BLITZER'S BLOG: Petraeus' secret trip to Iraq

By Wolf Blitzer, CNN

(CNN) - When I got up early Wednesday morning, I got an e-mail from CNN's Arwa Damon in Baghdad. She had been hearing that CIA Director David Petraeus was spotted in Iraq in recent days. She asked me to check it out with my sources in Washington, which, of course, I did.

I learned that the retired U.S. Army general who once commanded U.S. forces in Iraq had indeed gone to Iraq, this time as head of the CIA. I was also told he was already back in Washington safe and sound.

Petraeus has a long history in Iraq. I had dinner with him in 2005 in Baghdad when things were very gloomy for the entire U.S.-led operation. He later helped put together the surge strategy that tended to stabilize the situation. He knows the country well and, more importantly, the leadership.

But things are really on the verge of meltdown right now. Tensions between the Shiite leadership of Prime Minister Nuri al-Maliki and so many of his Sunni coalition partners are intense. The Kurdish leadership, the most pro-American of the bunch, is watching very cautiously and nervously from its semi-autonomous region in the north.

There is a serious fear of violence breaking out among the three groups. Talk of a civil war – coming only days after all U.S. troops pulled out of the country – is rampant.

Sen. John McCain, the ranking member of the Armed Services Committee and a frequent visitor to Iraq, told me Tuesday that he doesn’t have confidence in al-Maliki. I don’t think a lot of American experts both inside and outside the government do have confidence in him. His leadership is lacking.

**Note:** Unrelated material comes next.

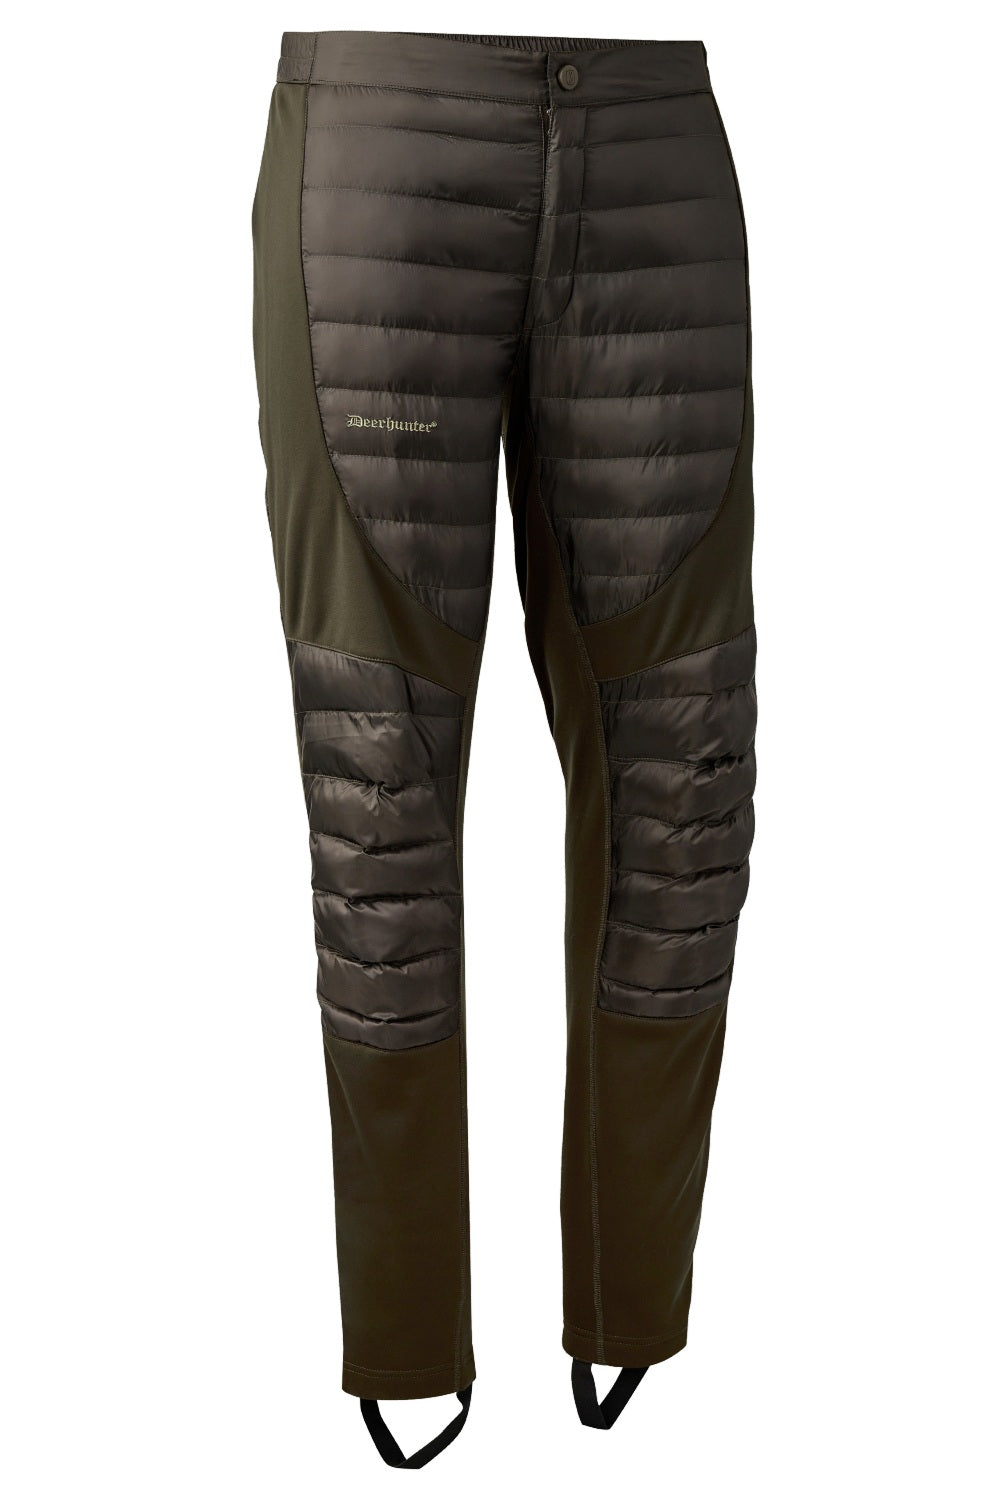 Deerhunter Excape Quilted Trousers in Art Green

A deputy prime minister who’s a Sunni told Damon that al-Maliki is like a “mini-Saddam Hussein.” A vice president, also a Sunni, has been accused of supporting terrorism and is now holed up in Kurdistan.

None of this bodes well for Iraq, or the 17,000 American diplomats and private security contractors who are still in the country. I’m very worried about their safety.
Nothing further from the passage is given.